In the case of private language, the delusion is usually based on the belief that a word like pain or tree has the meaning it does because it is somehow “connected” to a feeling in my knee or to a picture of a tree in my head. But as Mr. L. Wittgenstein’s Philosophical Investigations proved in the 1950s, words actually have the meanings they do because of certain rules and verification tests that are imposed on us from outside our own subjectivities, viz., by the community in which we have to get along and communicate with other people. Wittgenstein’s argument centers on the fact that a word like tree means what it does for me because of the way the community I’m part of has tacitly agreed to use tree. What makes this observation so powerful is that Wittgenstein can prove that it holds true even if I am an angst-ridden adolescent pot-smoker who believes that there’s no way I can verify that what I mean by tree is what anybody else means by tree.
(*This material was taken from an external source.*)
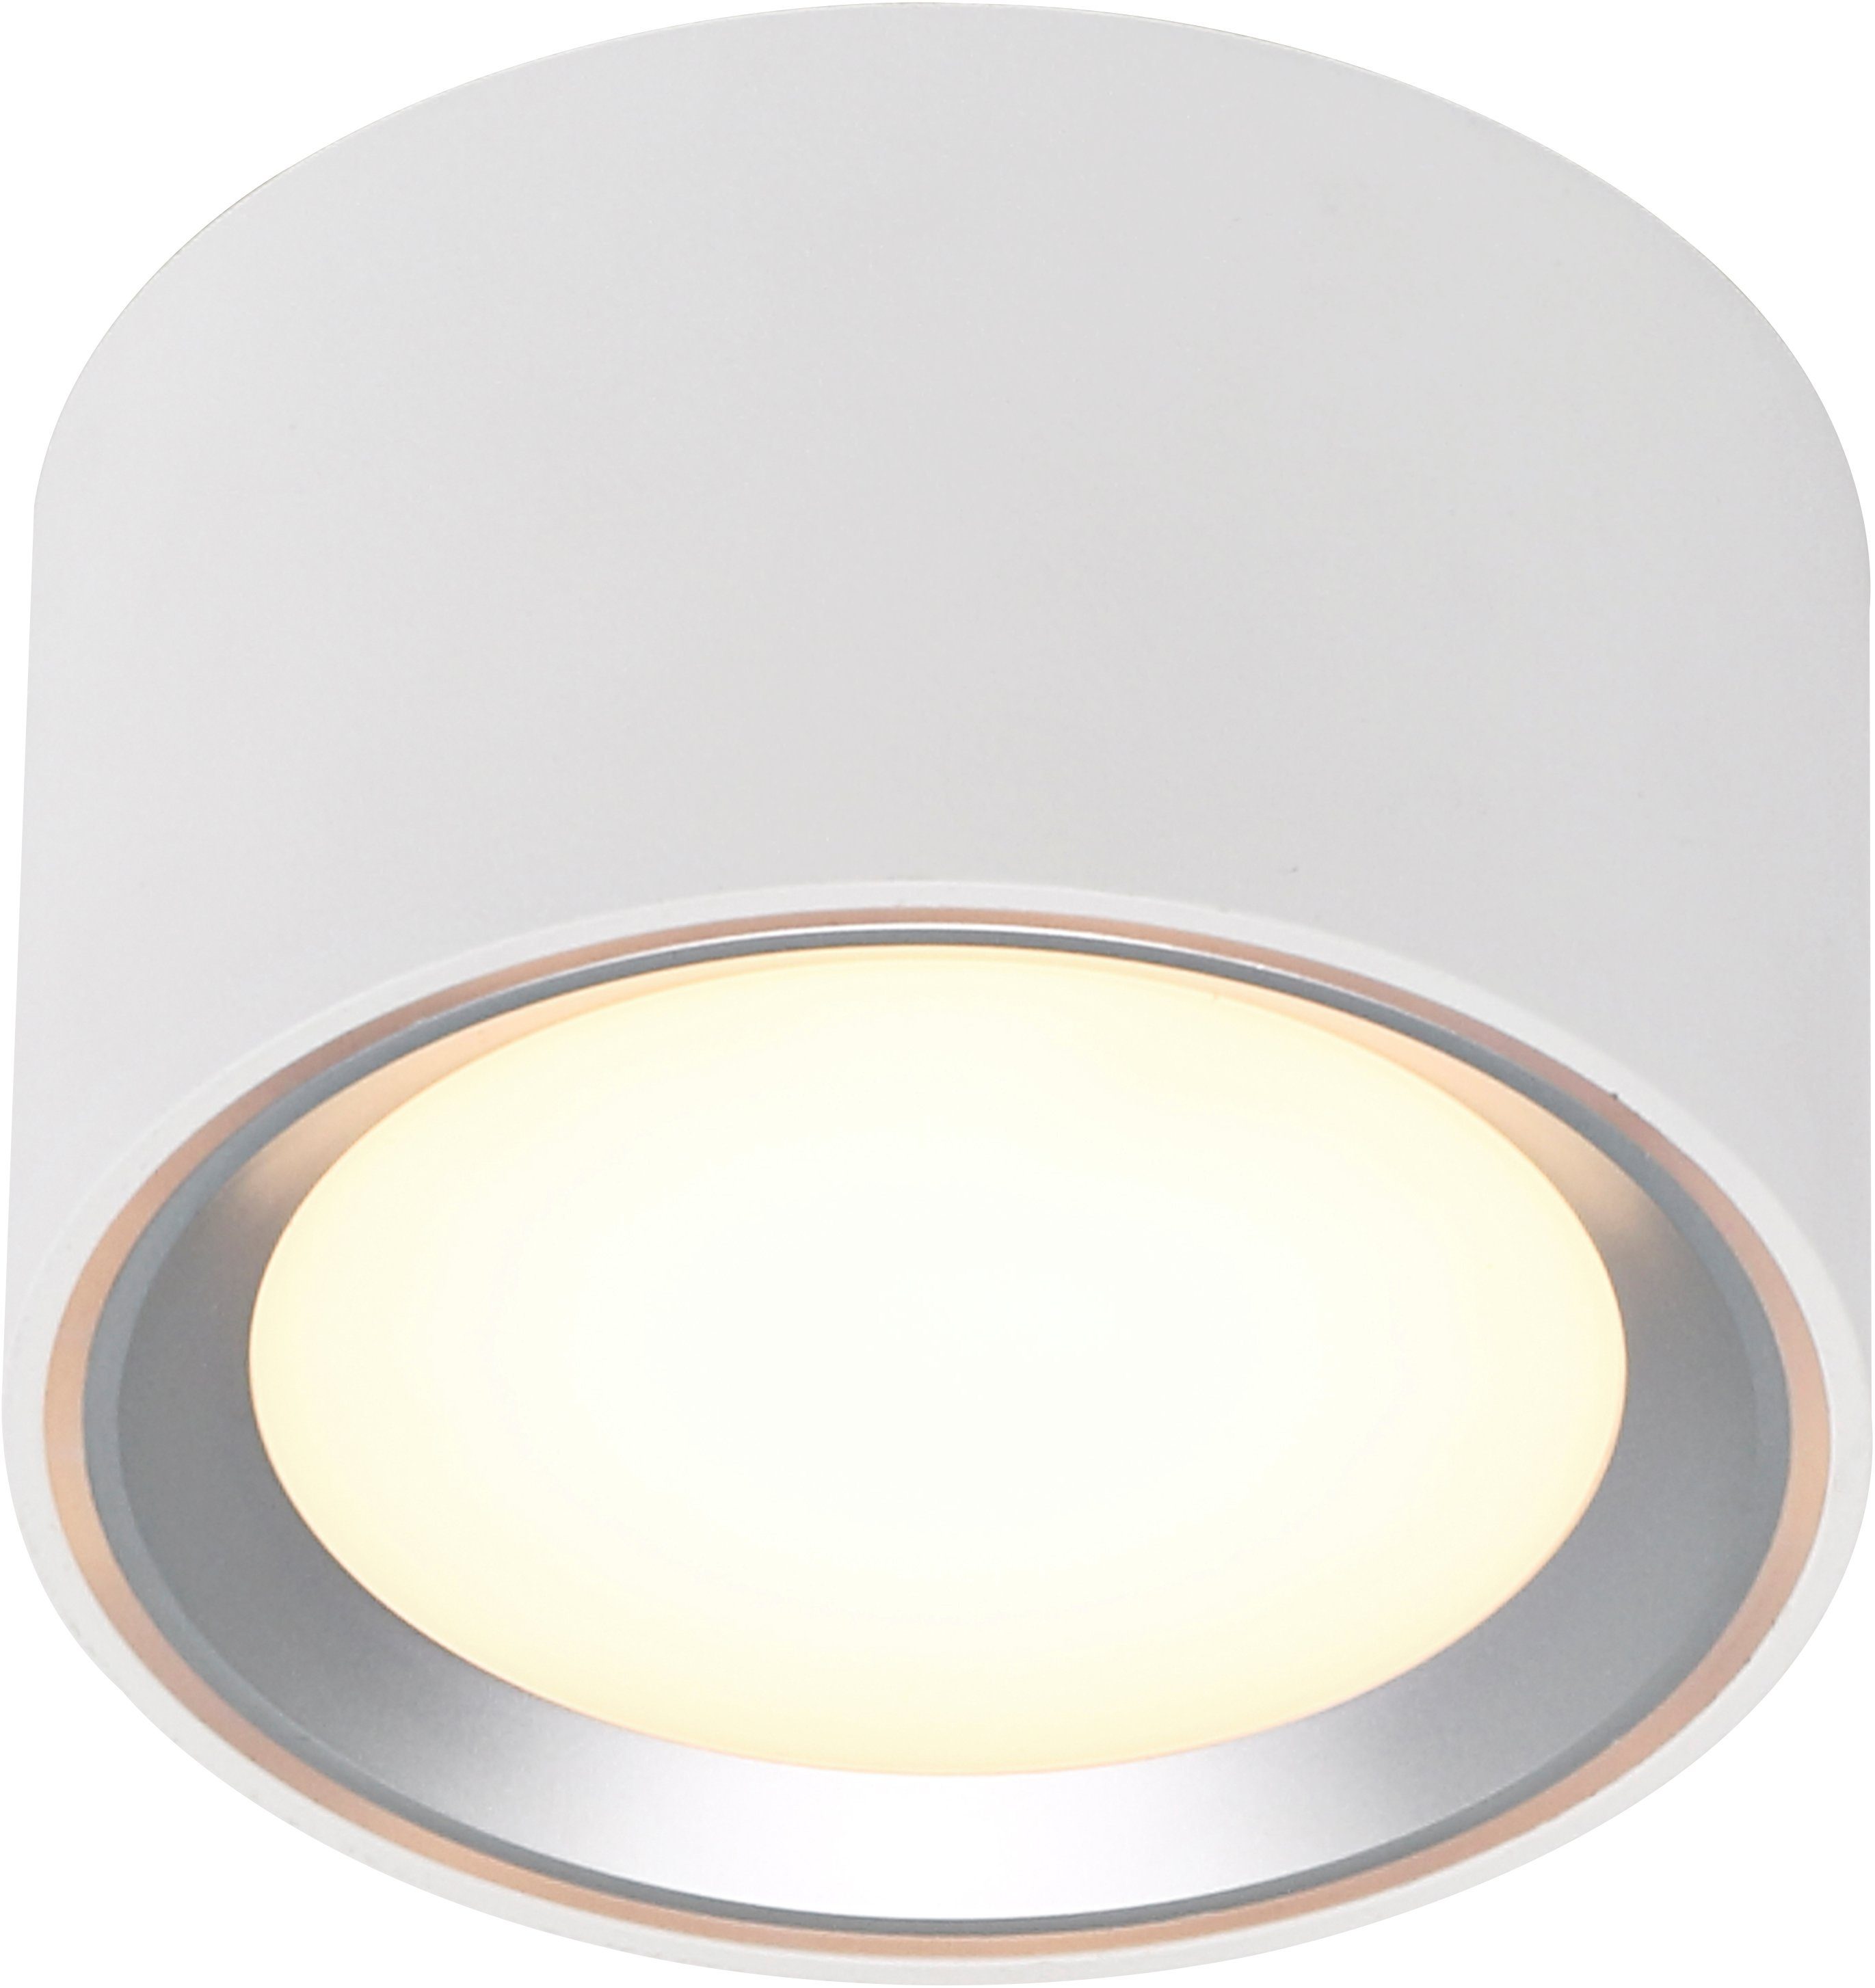 Nordlux LED LED Deckenlampe, LED fest Design integriert, Fallon, unauffälliges LED Dezentes, Dimmfunktion, Deckenspot Deckenleuchte, Warmweiß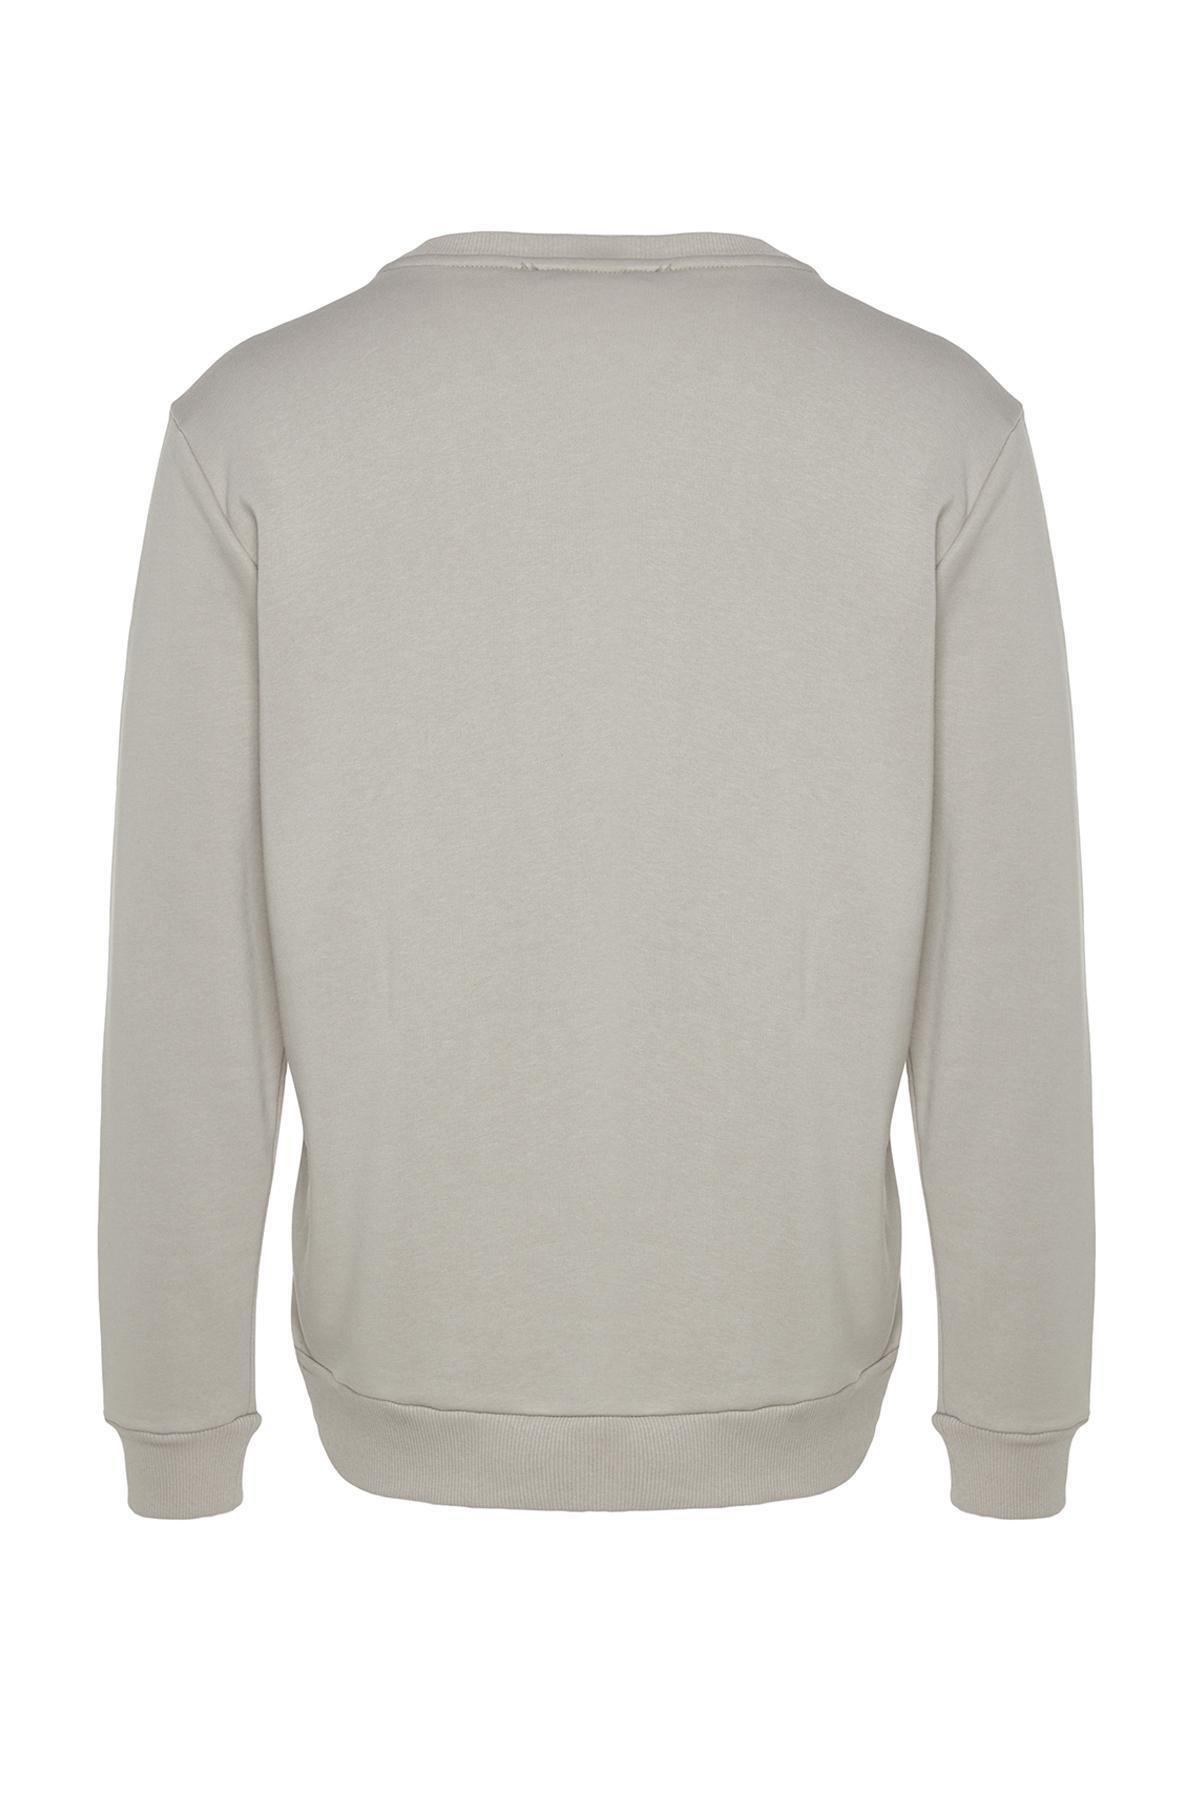 Trendyol - Gray Text Printed Sweatshirt

Wittgenstein’s argument is very technical but goes something like:
(1) A word has no meaning apart from how it is actually used, and even if
(2) “The question of whether my use agrees with others has been given up as a bad job,”* still,
(3) The only way a word can be used meaningfully even to myself is if I use it “correctly,” with
(4) Correctly here meaning “consistently with my own definition” (that is, if I use tree one time to mean a tree and then the next time turn around and use tree to mean a golf ball and then the next time willy-nilly use tree to mean a certain brand of high-cal corporate cookie, etc., then, even in my own little solipsistic universe, tree has ceased really to “mean” anything at all), but
(5) The criterion of consistency-with-my-own-definition is satisfiable only if there exist certain rules that are independent of any one individual language-user (viz., in this case, me). Without the existence of these external rules, there is no difference between the statement “I am in fact using tree consistently with my own definition” and the statement “I happen to be under the impression that I am using tree consistently with my own definition.” Wittgenstein’s basic way of putting it is: Now how is it to be decided whether I have used the [privately defined] word consistently? What will be the difference between my having used it consistently and its seeming to me that I have? Or has this distinction vanished?… If the distinction between ‘correct’ and ‘seems correct’ has disappeared, then so has the concept correct. It follows that the ‘rules’ of my private language are only impressions of rules. My impression that I follow a rule does not confirm that I follow the rule, unless there can be something that will prove my impression correct. “And that something cannot be another impression — for this would be as if someone were to buy several copies of the morning paper to assure himself that what it said was true.”
Step (5) is the real kicker; step (5) is what shows that even if the involuted adolescent decides that he has his own special private definition of tree, he himself cannot make up the “rules of consistency” via which he confirms that he’s using tree the way he privately defined it — i.e., “The proof that I am following a rule must appeal to something independent of my impression that I am.”